The following are futures positions of non-commercials as of May 3, 2016. Change is week-over-week.
10-year note: Last week, the Bank of Japan shocked markets by not adding to its stimulus program. The yen jumped 2.4 percent. This week, the Reserve Bank of Australia did the same by lowering its cash-rate target by 25 basis points to a new low of 1.75 percent. The Australian dollar fell nearly two percent.
Here at home this week, two regional Fed presidents, both non-voting FOMC members, hinted that the June 14-15 meeting was alive. Could the Fed pull off a surprise of its own?
Dennis Lockhart, the Atlanta Fed president, said a rate hike in June was “a real option.” He said he was awaiting more data to help him make up his mind, saying the market seemed to be underestimating the odds of a rate increase in June.

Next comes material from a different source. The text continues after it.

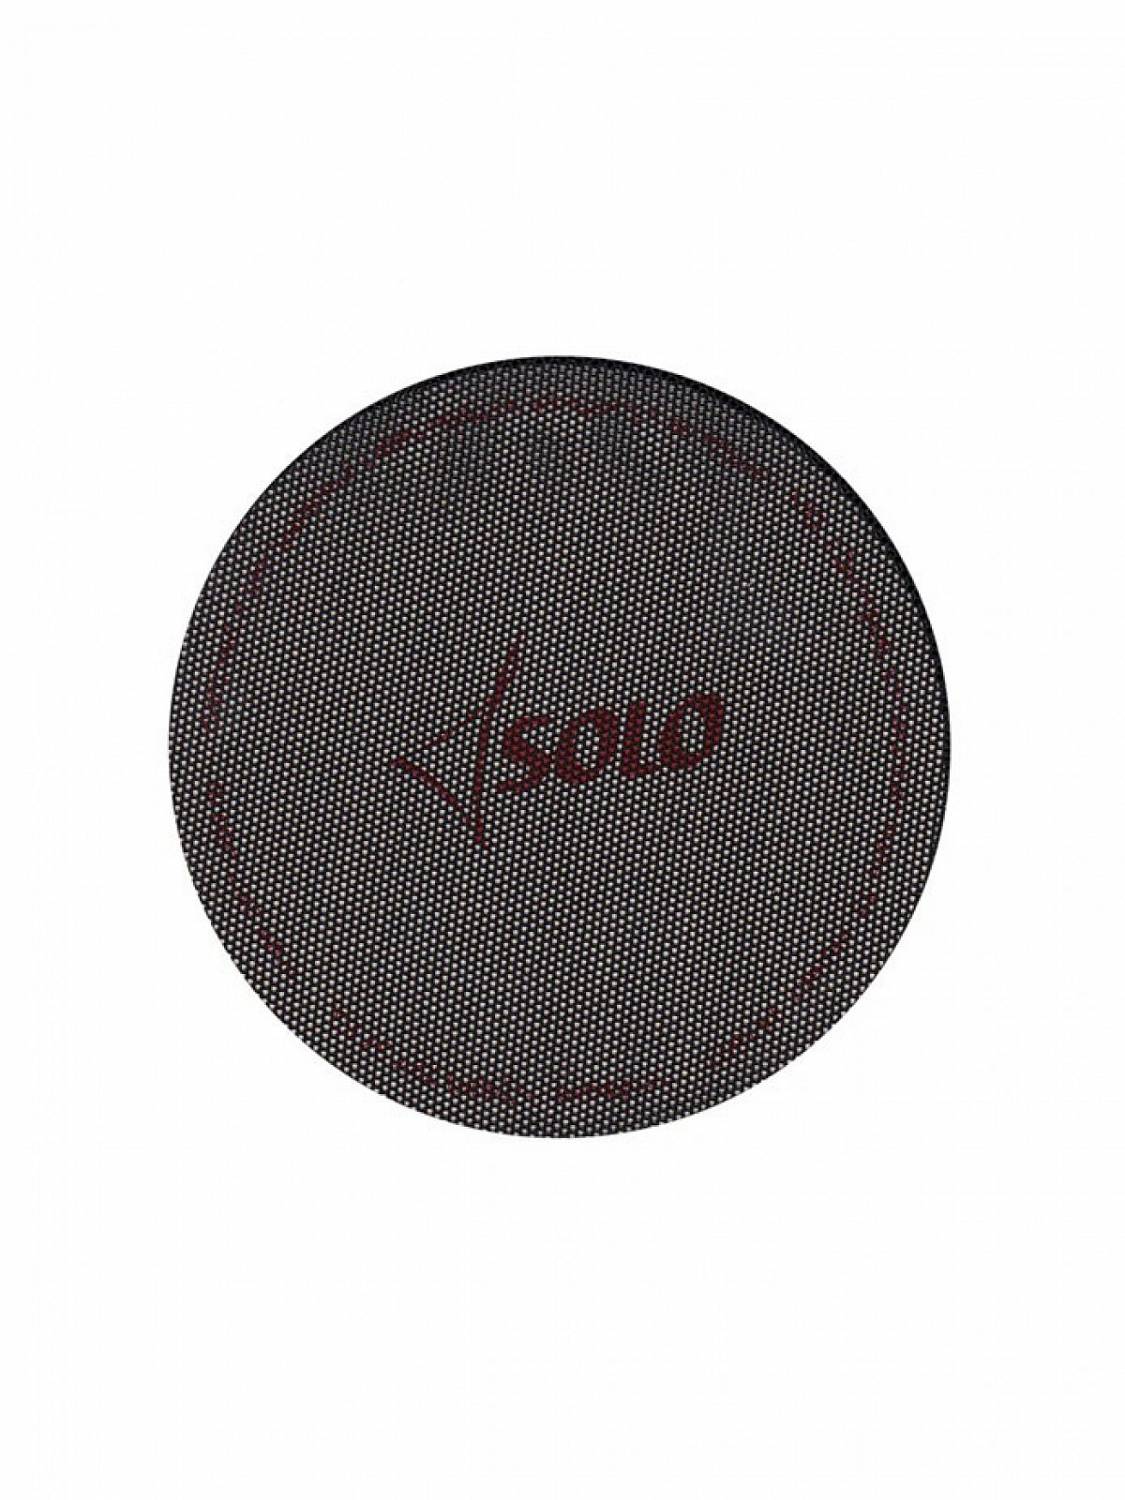 Сеточка на пучок SOLO SA1 (чёрная, размер М)
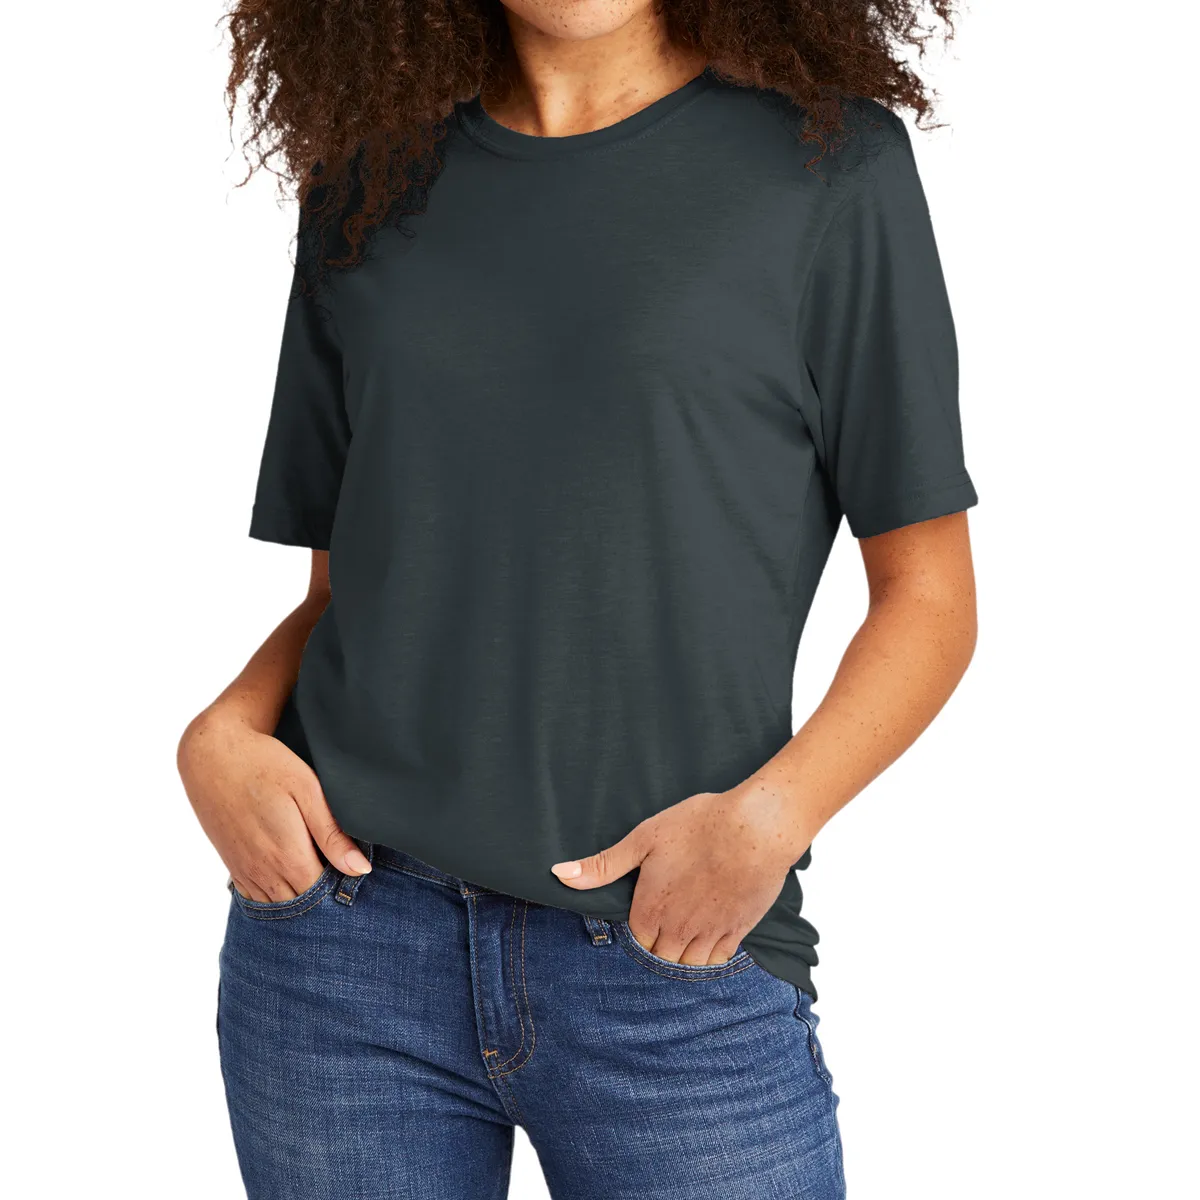 American Apparel Unisex CVC T Shirt T-shirts personnalisés Next Level Apparel INTO THE Mens T Shirt Soft Fitted Fresh Classic T shirts

Then, John Williams, the San Francisco Fed president, said he wanted to see inflation on the “right trajectory” moving toward two percent and continued “good job gains.” He said he pays more attention to the labor market, which has continued to improve, rather than the weak GDP in 1Q16.
April created 160,000 non-farm jobs, with downward revisions in prior two months. This pretty much takes June off the table.
Further, there is a bigger excuse for the Fed not to move in June. The “Brexit” vote in the U.K is slated for June 23rd. And the Fed, in addition to its dual mandate of maximum employment and price stability, is equally worried about global risks.
Then we have U.S. elections in November.
Currently net short 82k, up 18.2k.
30-year bond: Major economic releases next week are as follows.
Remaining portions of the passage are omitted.